I nod, registering the word girlfriend and trying not to let any disappointment show.

“So what are you doing up here?” he asks.

“Oh, I went to visit a gîte,” I say.

“A gîte?” he says.

“It’s like a small hotel, or a big bed and breakfast. I’m buying it with my… partner.” I point up the hill. “Up there.” I kick myself for saying partner – but I’m enjoying the heterosexual chumminess; I don’t want any barriers going up, and ironically, considering their status as the ultimate gay fantasy, French fireman are renowned for being macho, and homophobic.

Ricardo nods. “Yes, but up there?” he asks doubtfully. “It’s very isolated.”

I nod. “Yeah,” I say nodding and goggling my eyes to show just how much that isolation is starting to play on my mind. “And you?” I ask. “What are you doing here?”

Ricardo laughs and switches to French. “Getting bored mostly,” he tells me.

“Why are you here? In case of accidents?” I ask.

He nods. “Just in case. It’s a legal requirement. But nothing ever happens, so I listen to the radio, I chat to people, I practice my English …” He adds an amiable wink at the end. “I like your leathers,” he says again. “They’re very nice. I miss my bike.”
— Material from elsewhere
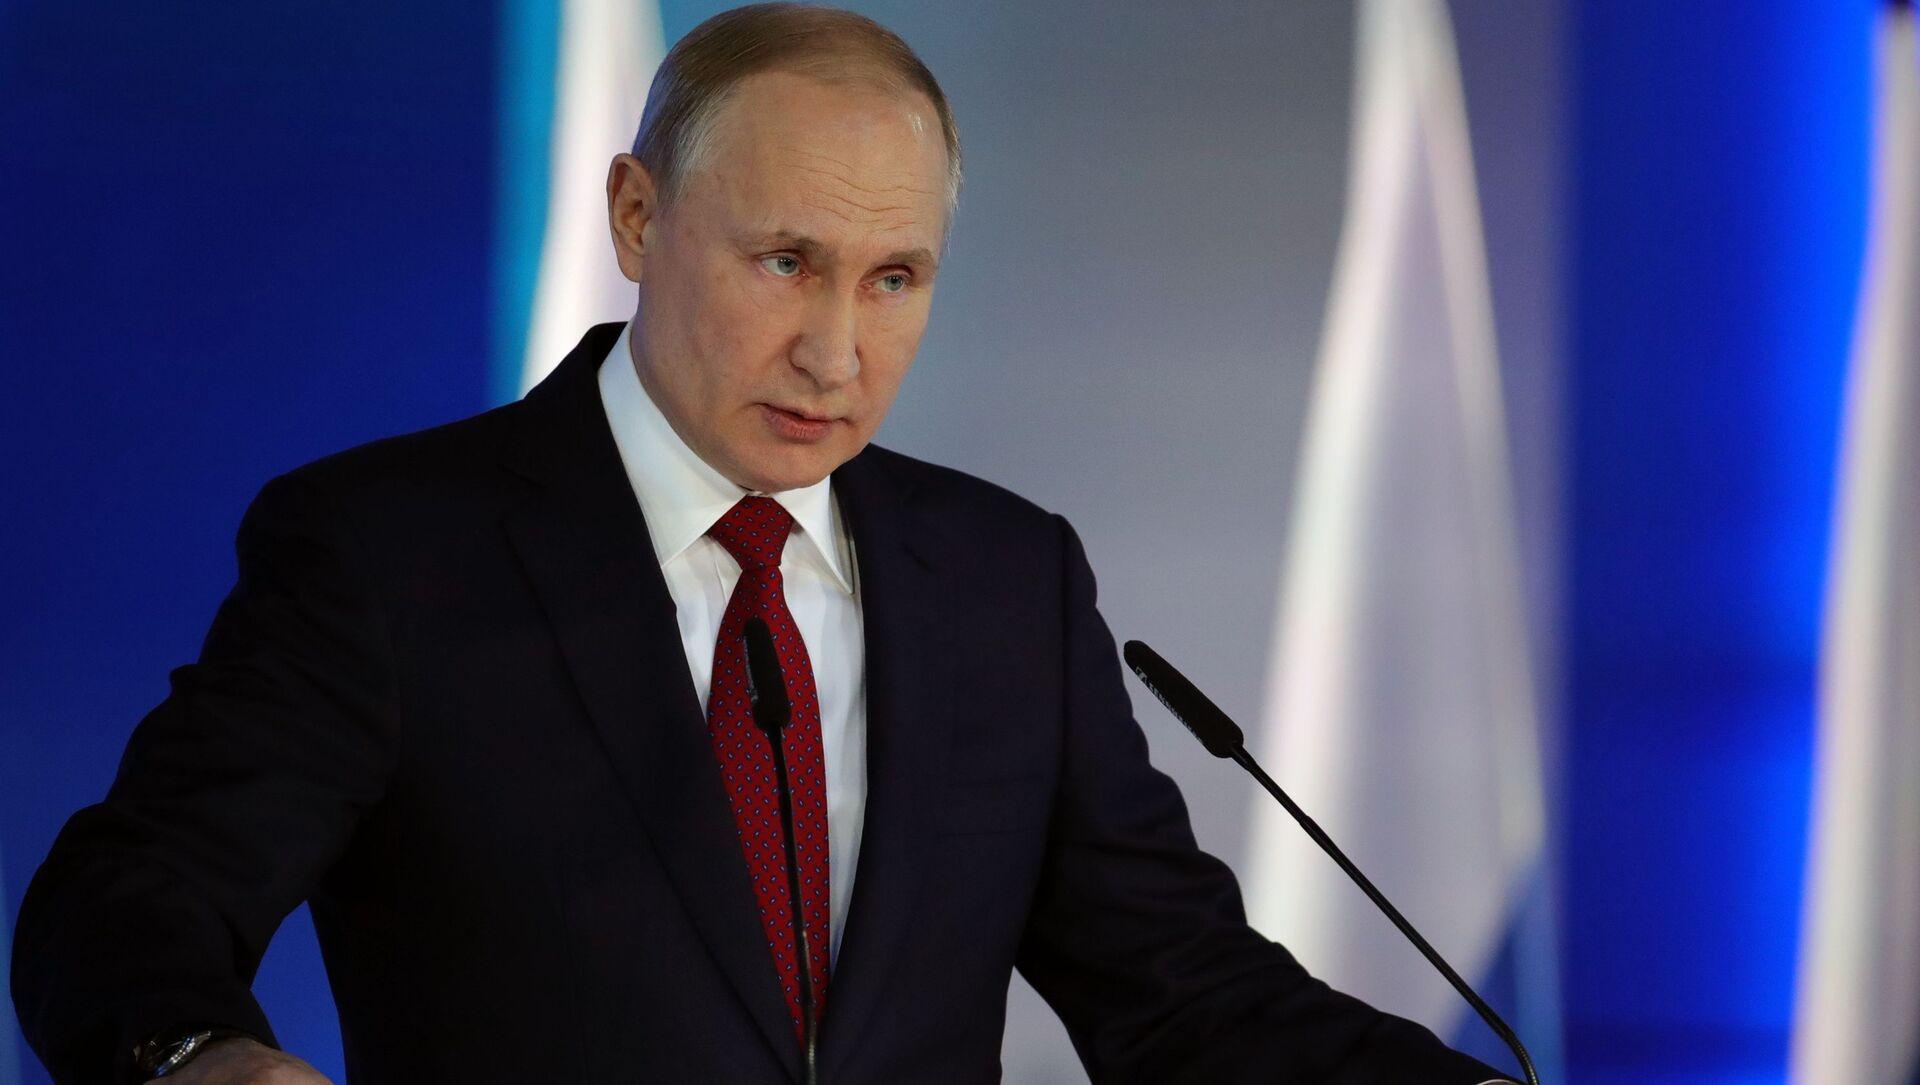 Tổng thống Nga Vladimir Putin. - Sputnik Việt Nam, 1920, 14.04.2021

I frown at him. Some deep down instinct tells me that he’s hitting on me. And then, all available evidence tells me that he really isn’t. “Do straight men have leather fetishes?” I wonder.

He sighs and looks out of the windscreen. His radio crackles indecipherably.

“They’re starting,” he says, reaching for the door handle. “Shall we go watch?”

I shrug. “Why not?”

As we walk down the hill, I lose my footing in the snow and Ricardo grabs my elbow and steadies me. I smile at him in thanks and he winks, making me blush. At the roadside we join the policeman and the steward and three other people who have appeared on the opposite side of the road, I’m not sure where from.

“I like these races better,” Ricardo says, peering down the hill towards Guillaumes. “The vintage ones.”

I nod. “Oh, it’s old cars? Classic cars?” I say. “Cool!” The air is cold. I can see my breath rising, but the sun is warm and heats the front of my bike gear like a solar panel. “Are you French?” I ask.

Ricardo tips his head sideways. “Why?” he asks.

I shrug. “The name, I guess… Sounds kind of Italian. And something about your accent.”